The recessive gene produces a long, unstable alpha chain which has 31 extra molecules. Presents as anemia with a low hemoglobin in RBCs.
Hemoglobin C. (named after Christchurch in New Zealand)
This is the commonest hemoglobin variant found in the USA. This mutation reduces the normal plasticity of host erythrocytes. Hb C crystallizes in the RBC, due to decreased solubility. RBCs become more rigid, often fragment (microspherocytes form) as they attempt to transverse microvasculature. RBC life-span is 30-35 days. Hb composition:- Hb C >90%, Hb F <10%Prevalence. The Hb C mutant allele is common in West Africa; found in I%of African Americans. Genetic compounds (heterozygotes for both HbS and C or thalassemia) are not infrequent, due to significant geographic overlap. Clinical Symptoms: splenomegaly (from sequestration of rigid cells), mild-to-moderate normocytic, normochromic anemia(Hb level 8-12 g/dL). In homozygotes, nearly all Hb is in the Hb C form, resulting in moderate normocytic normochromic anemia. In those who are heterozygous for the mutation, about 28-44% of total Hb is Hb C and anemia does not develop(it is considered a benign condition)

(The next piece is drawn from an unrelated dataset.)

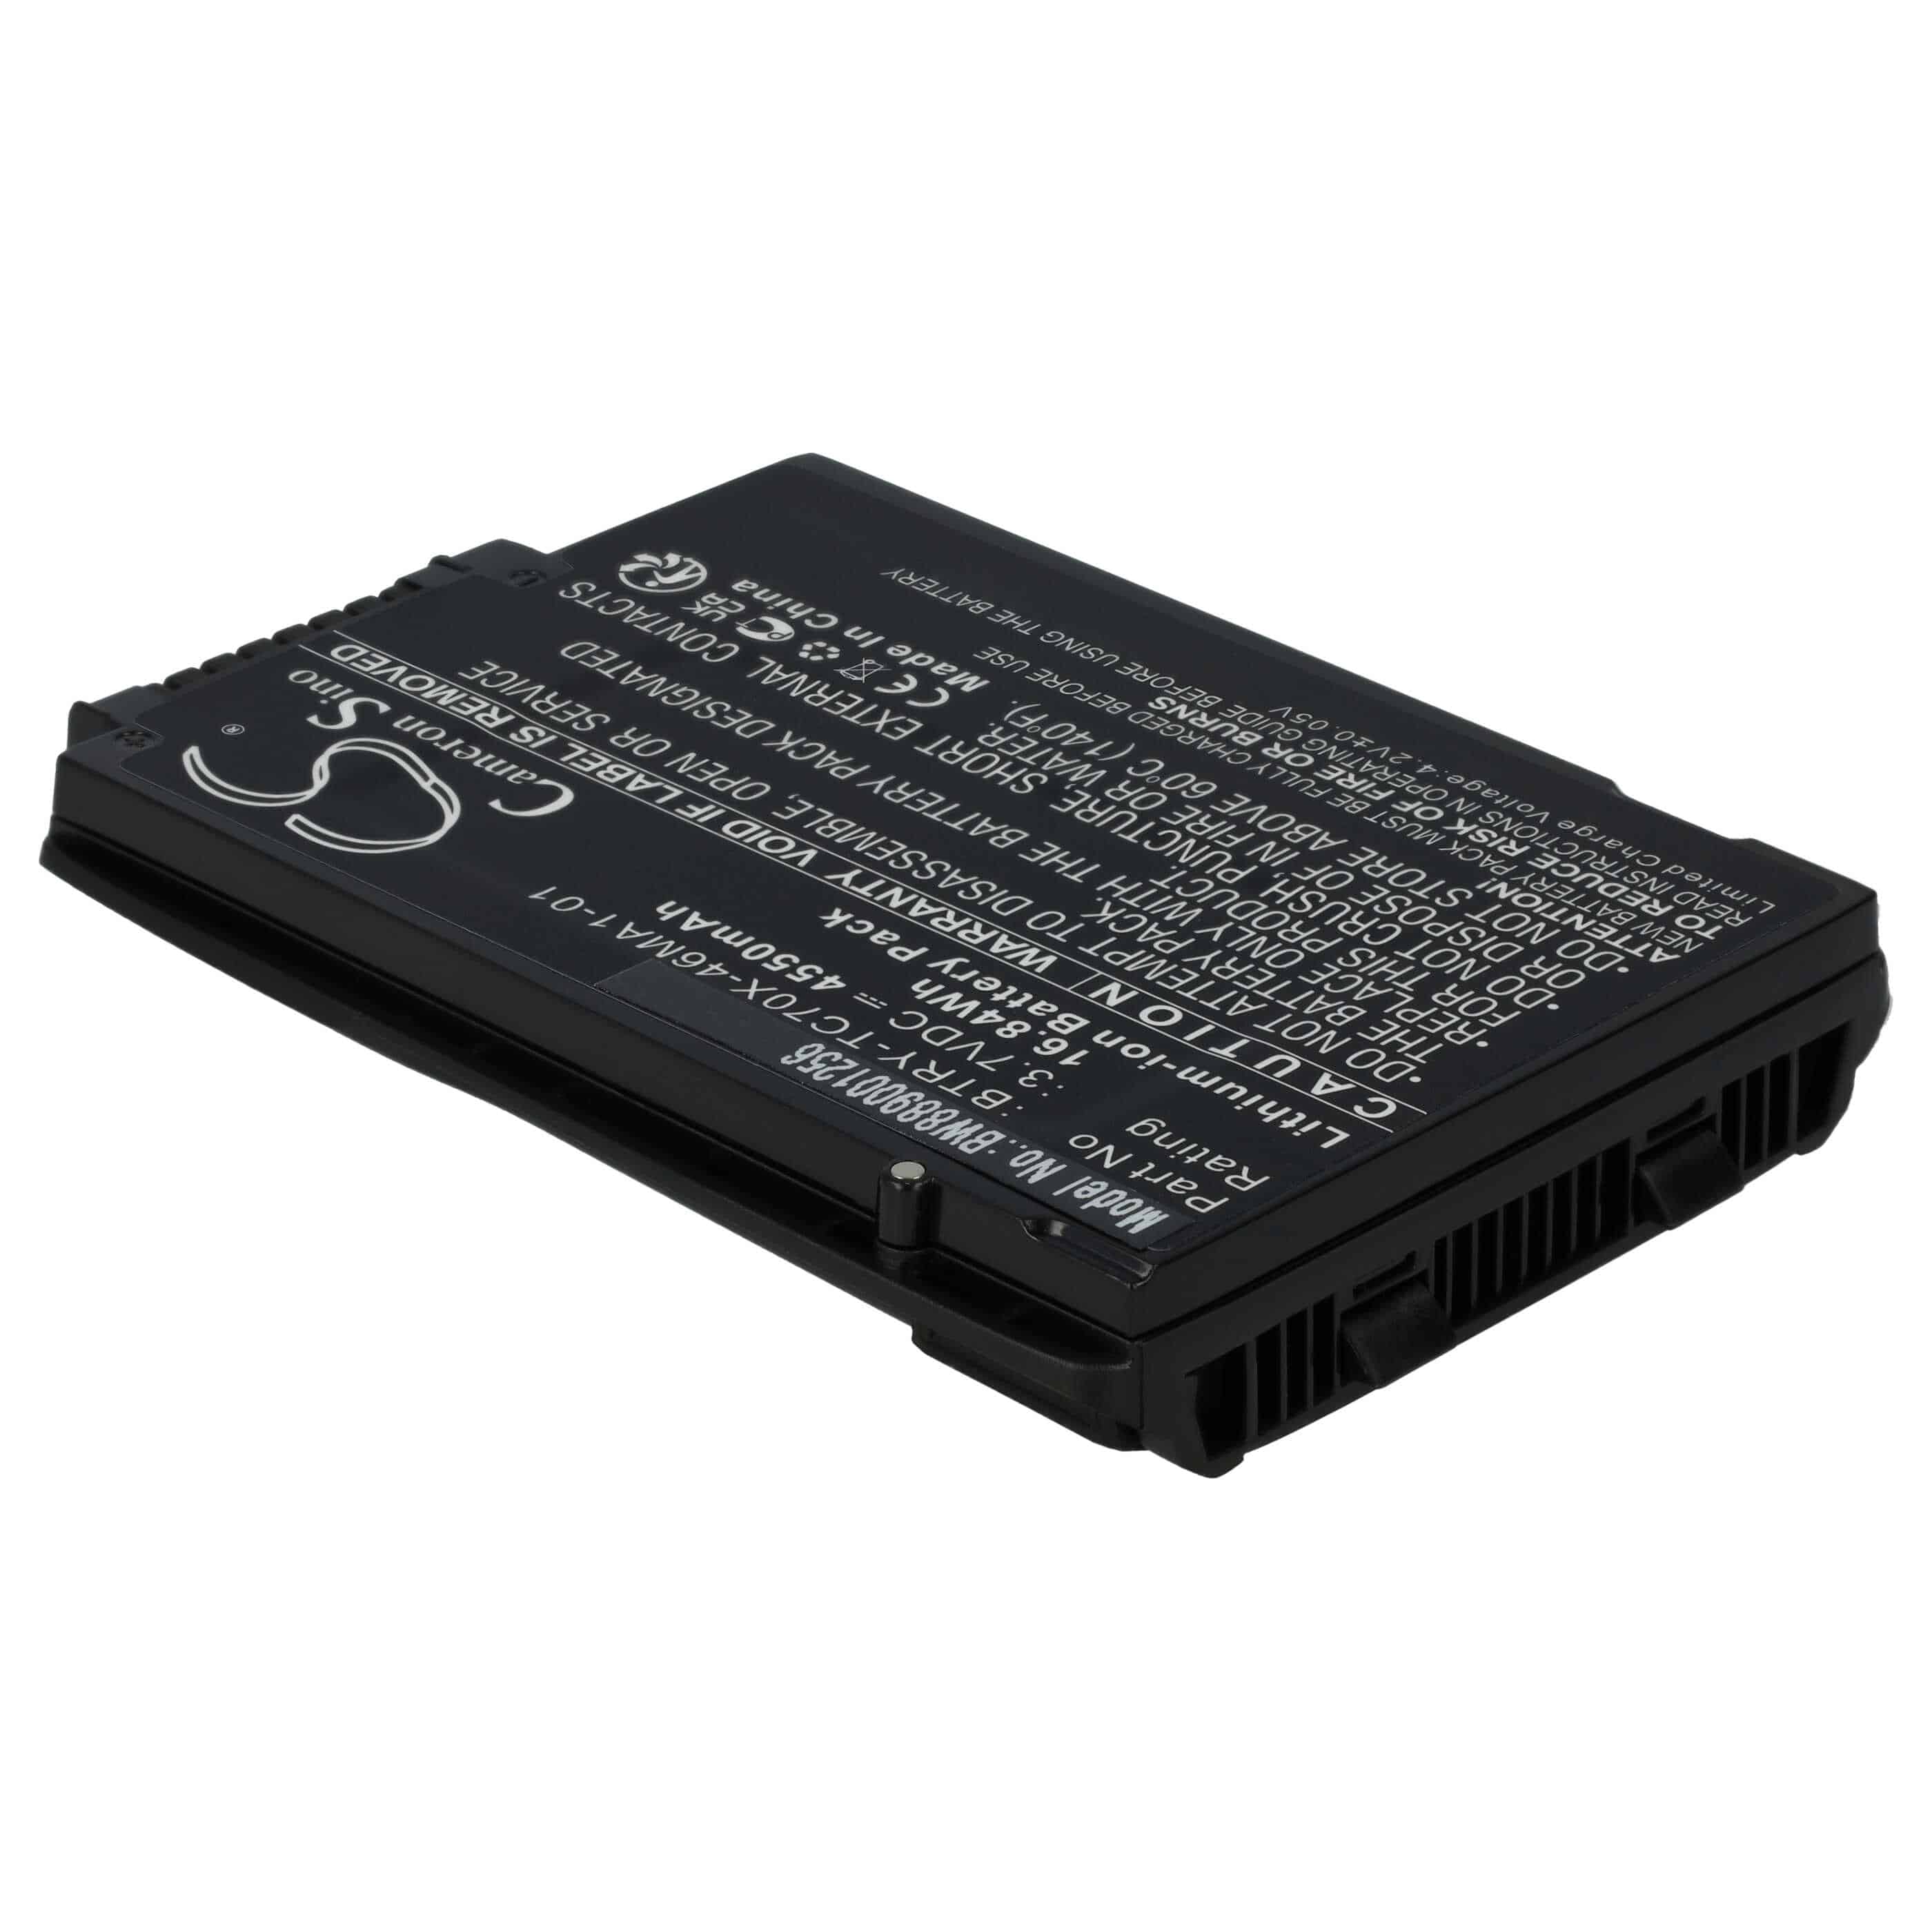 Barcodescanner-Akku als Ersatz für Motorola 82-171249-01, BT-000318, 82-171249-02 - 4550mAh 3,7V Li-Ion

This is an autosomal recessive gene found in Cyprus 16%, Thailand 3-14%, 3-8% in India, Pakistan, Bangladesh and China and also Southeast Asia and Africa. When the abnormality is in the production of the alpha gene it is called alpha thalasemia and when in the beta chain it is called beta thalasemia. The mutation slows down the production of the affected chain so tetramers of the healthy chain form Beta 4, alpha 4 or gamma-4. These accumulate in the nucleus and stop cell division. Many cells die in the bone marrow, those released into the circulation sequester in the spleen.
Patients do not become symptomatic while they are producing fetal hemoglobin that is upto the age of 2 years when the adult type of hemoglobin is phased in.
Complex thalasemia is fortunately, much less common. Involves large deletions from the beta-globin gene cluster. If at least one of the gamma genes is still intact, Hb F will persist after birth.
Hereditary Persistence of Fetal Hemoglobin.
Fetal Hb (Hb F) is the main oxygen transport protein in the fetus during the last 7 months of development. Hb F binds oxygen with greater affinity than the adult form. Hb F is nearly completely replaced by Hb A by approximately the 12th week of postnatal life. Decreased~-globin chain synthesis is compensated for by the production of gamma-globin. Homozygotes have 100% Hb F. Heterozygotes have 70 % Hb A and 30 % Hb F.
Your patient may also have an acquired hemoglobinopathy. This will be discussed in another post.